>>>

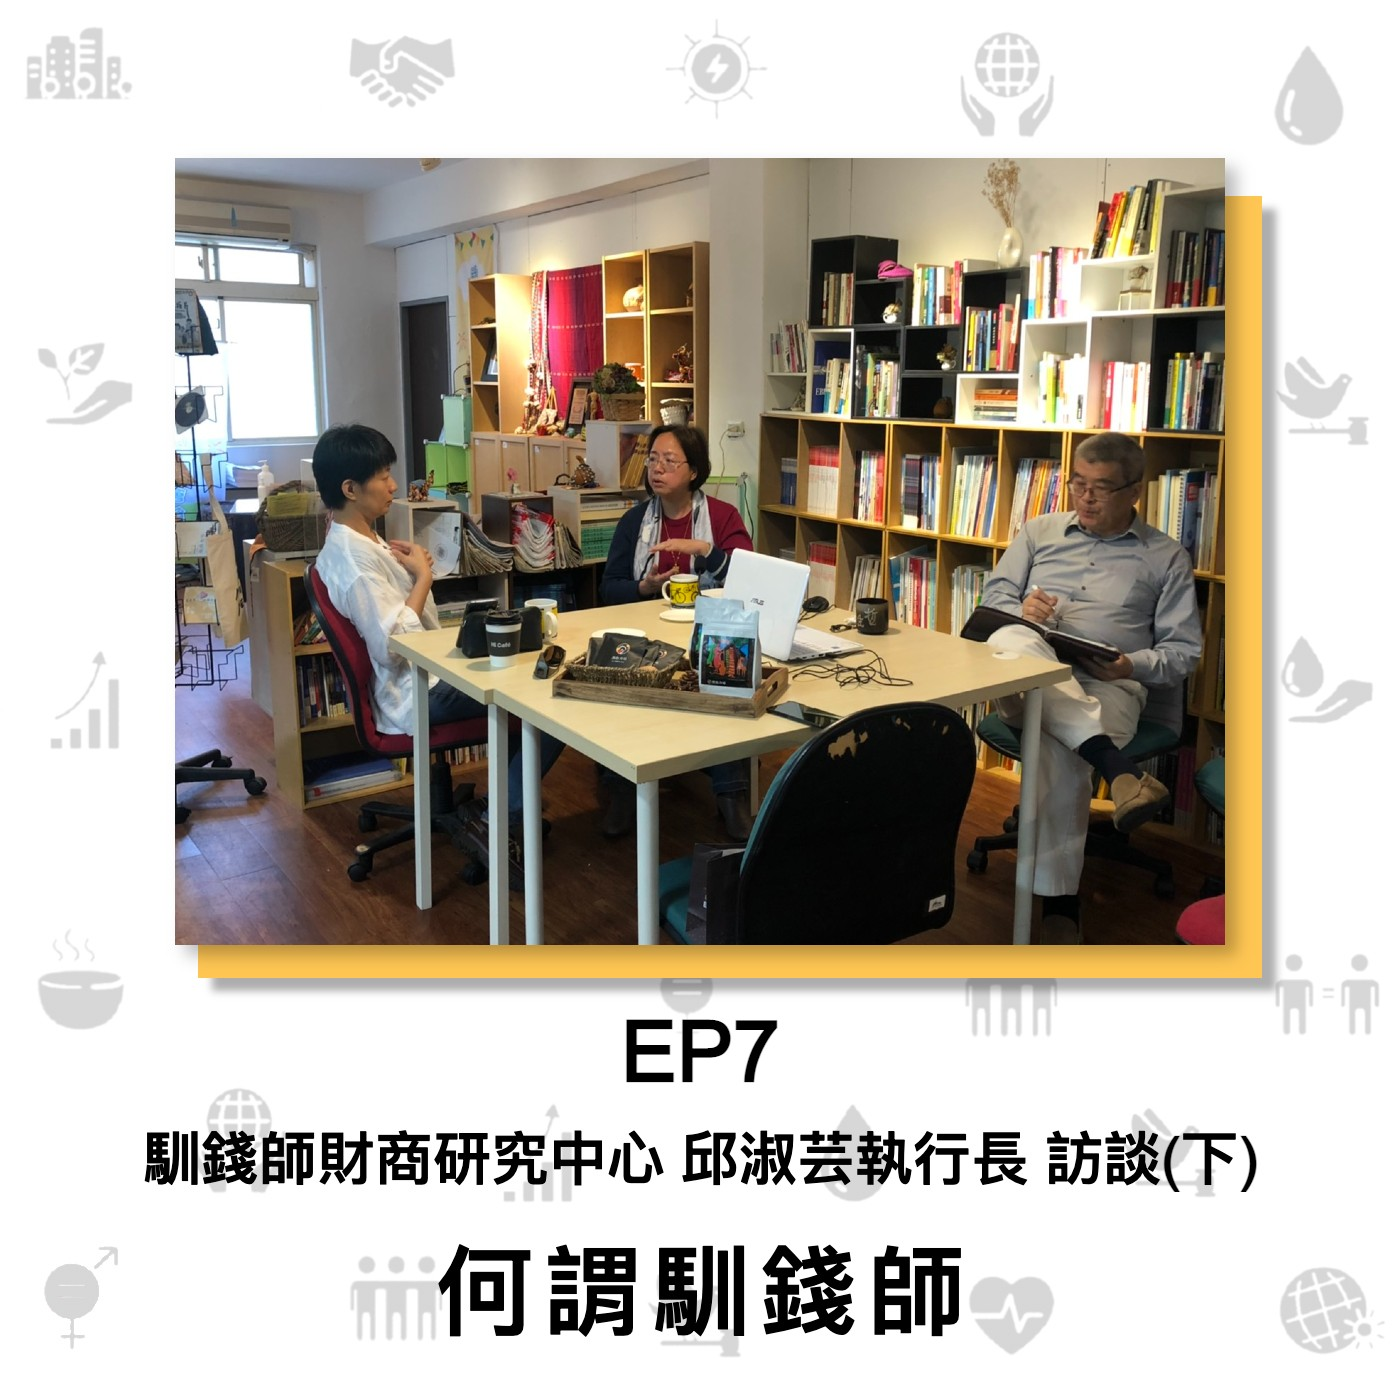 EP7:馴錢師財商研究中心 邱淑芸執行長 訪談(下):何謂馴錢師
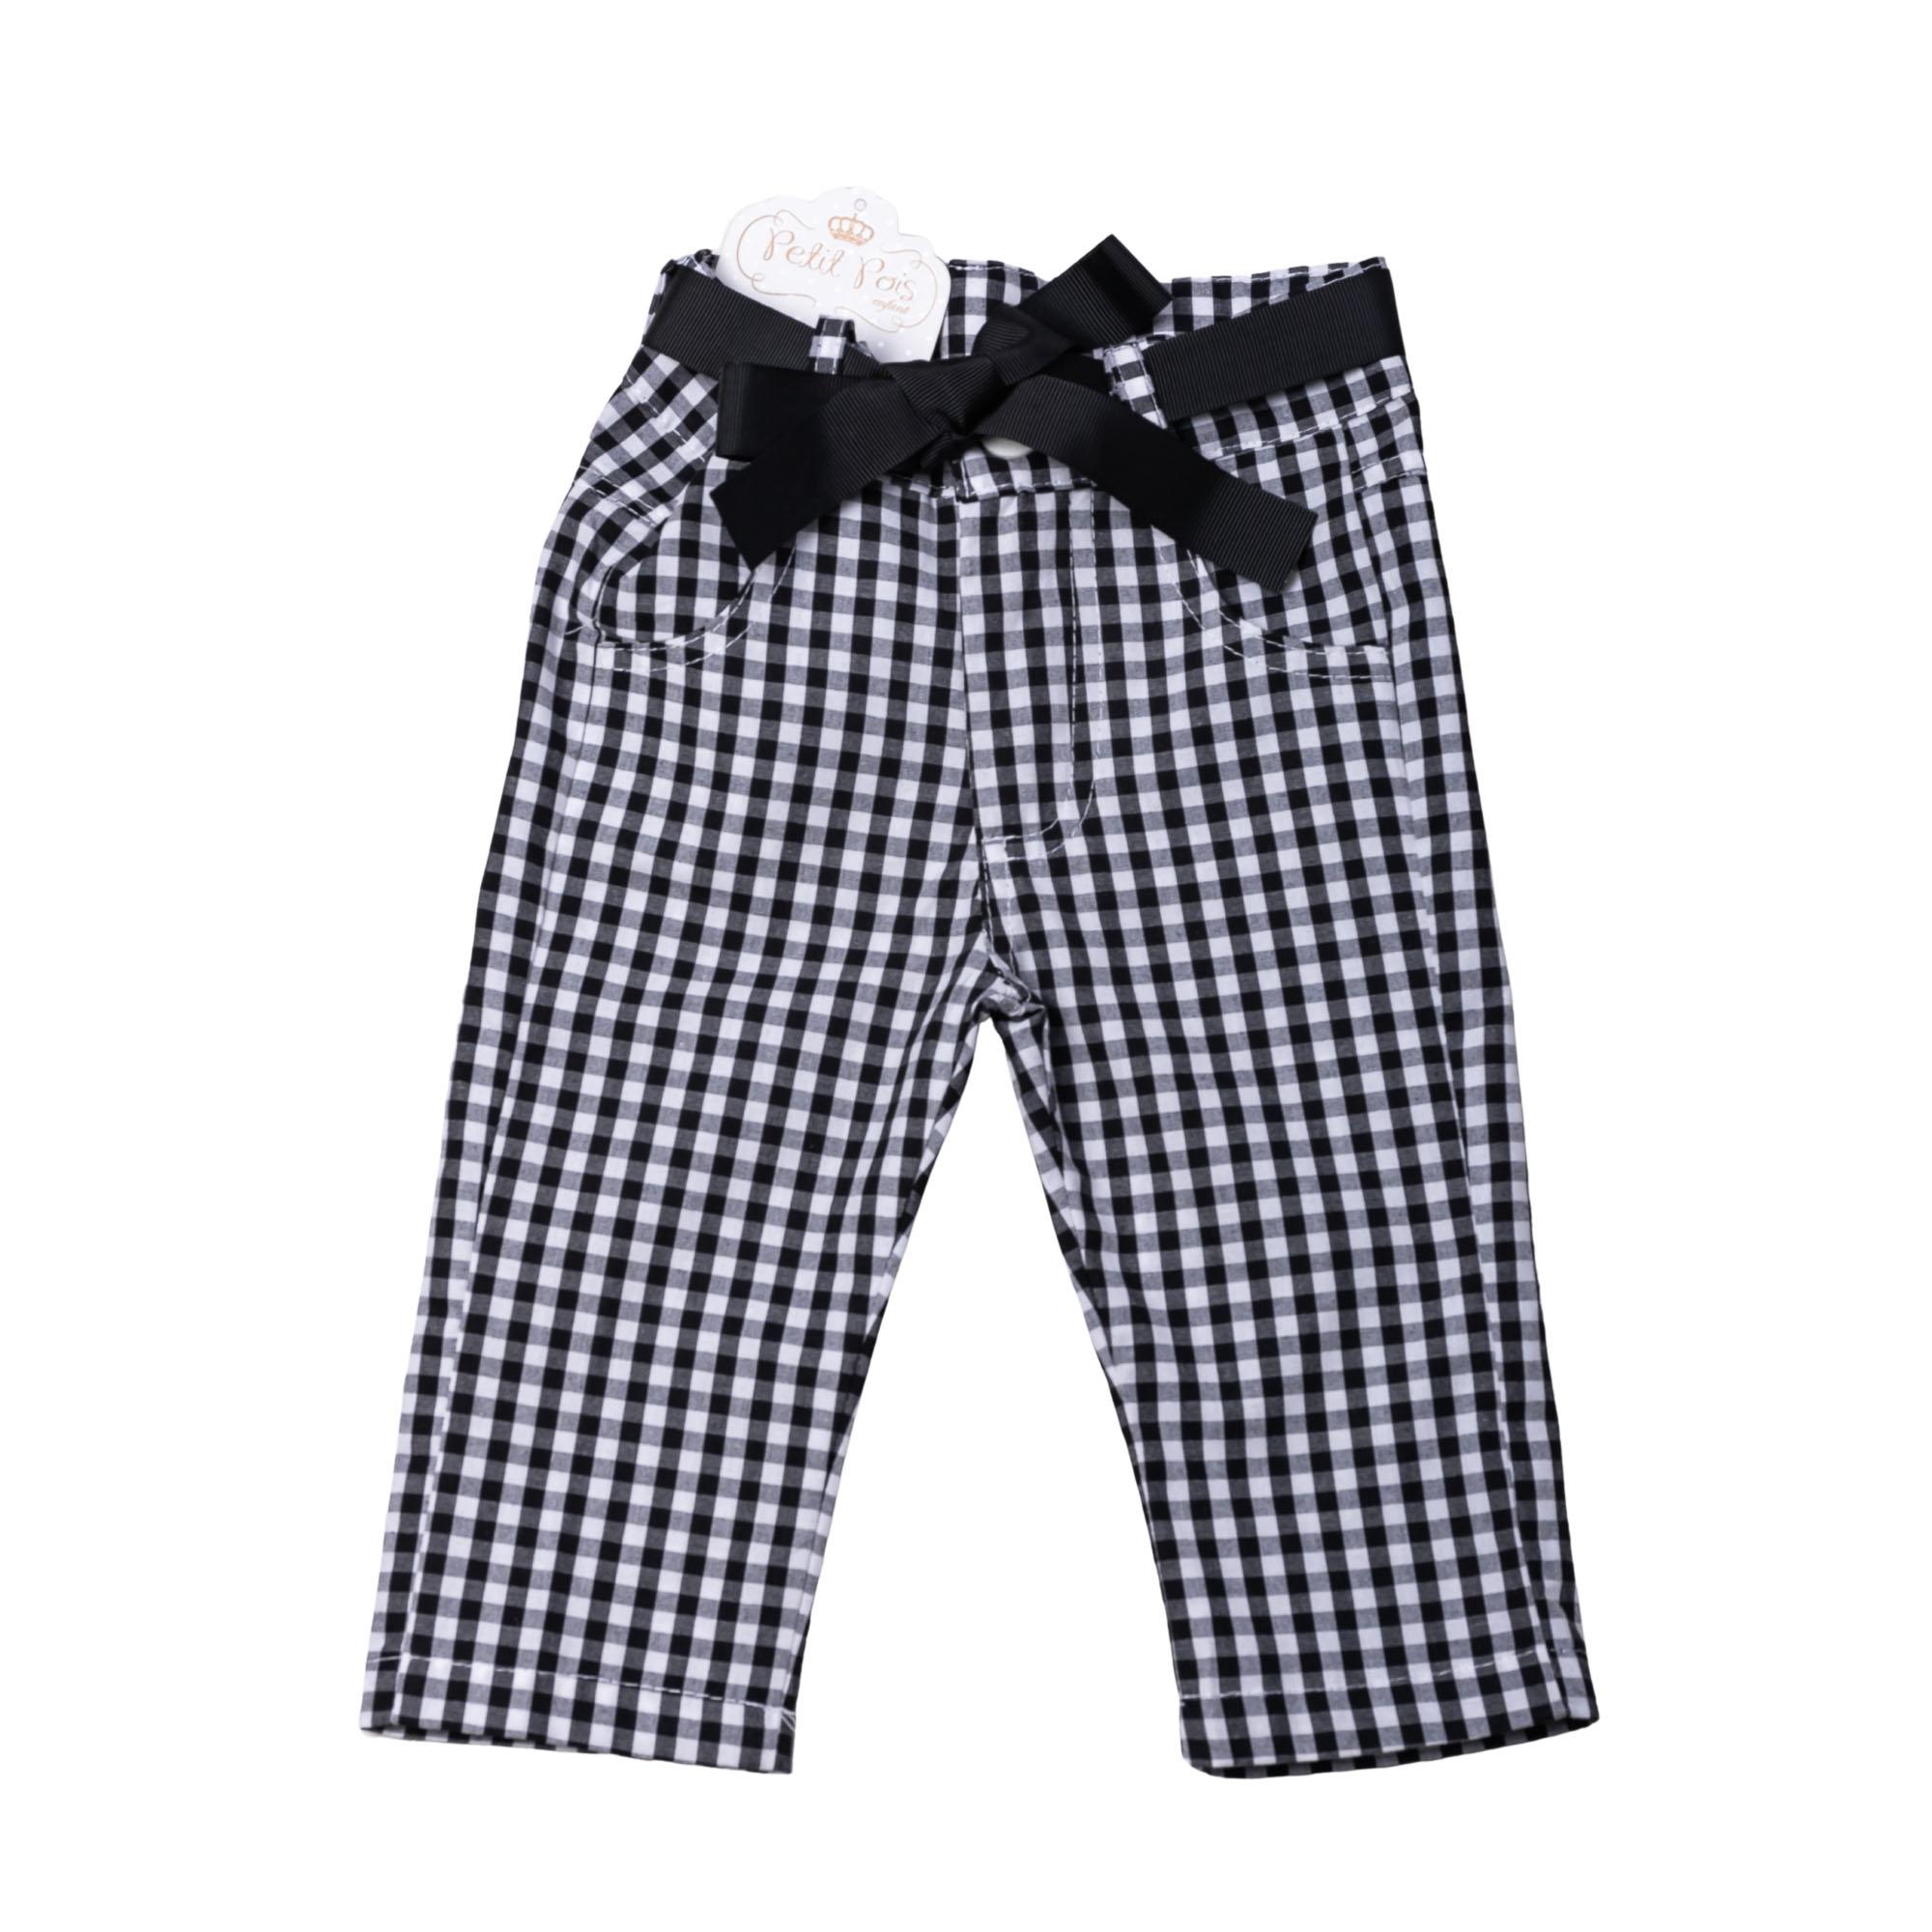 Conjunto xadrez bebê com body e calça - Branco e preto
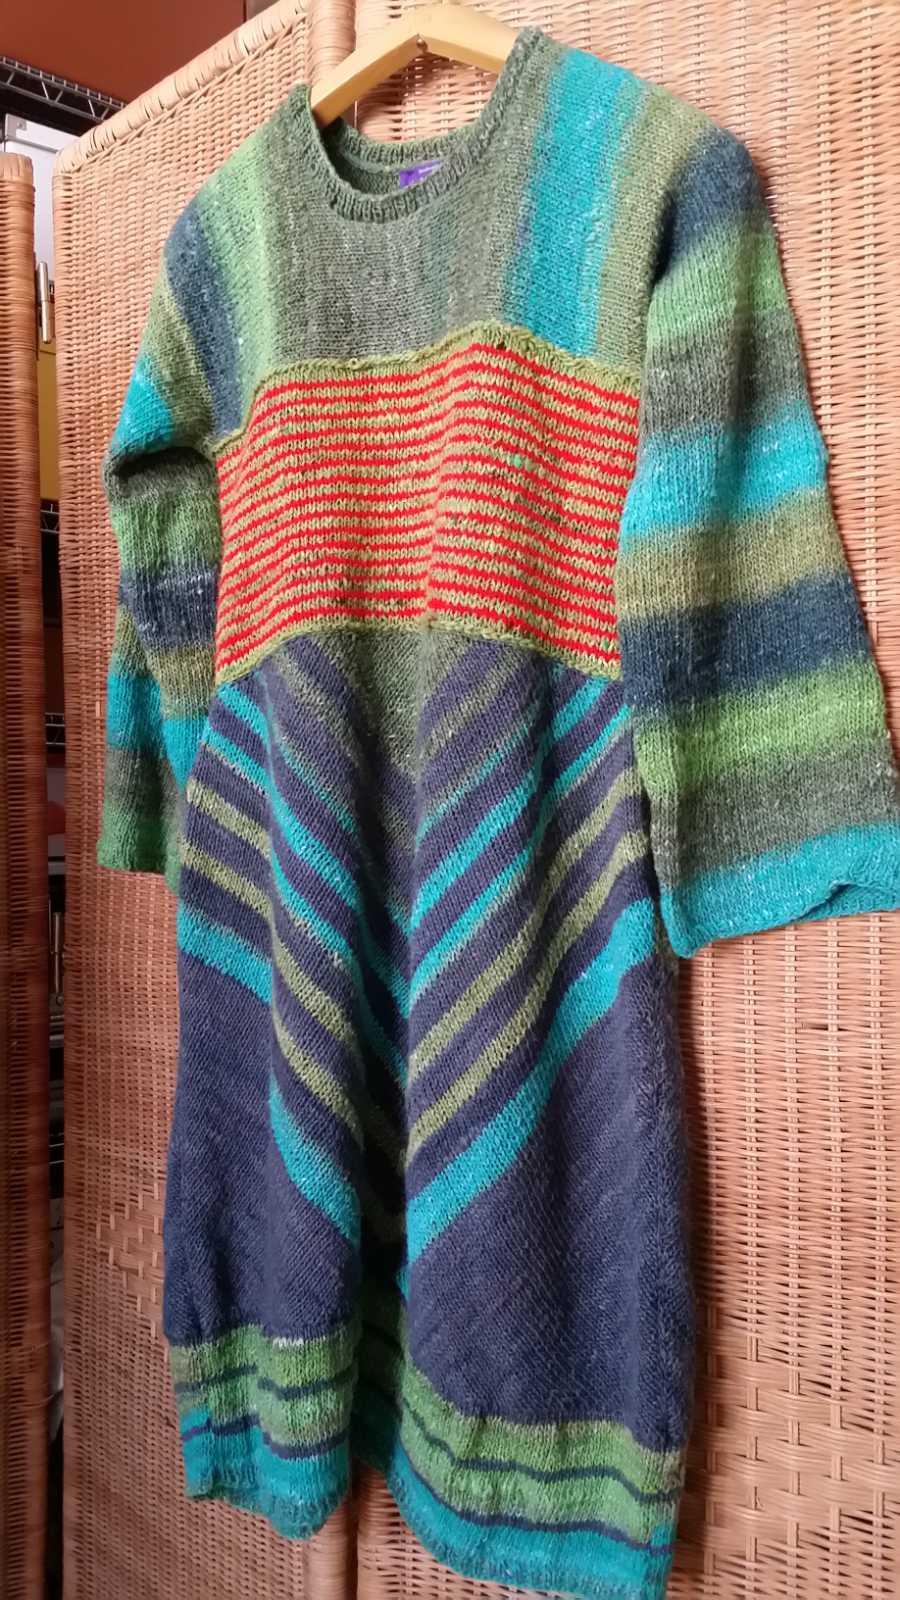 Das Strickkleid aus Noro Geshi, Noro Sonata und Noro Silk Garden Sock Solo in voller Pracht. Foto: Katrin Walter – Noromaniac

<<<

* The problem
The listing above must be retyped word for word, without the pictures.

* The answer
 EP7:馴錢師財商研究中心 邱淑芸執行長 訪談(下):何謂馴錢師
 Conjunto xadrez bebê com body e calça - Branco e preto
 Das Strickkleid aus Noro Geshi, Noro Sonata und Noro Silk Garden Sock Solo in voller Pracht. Foto: Katrin Walter – Noromaniac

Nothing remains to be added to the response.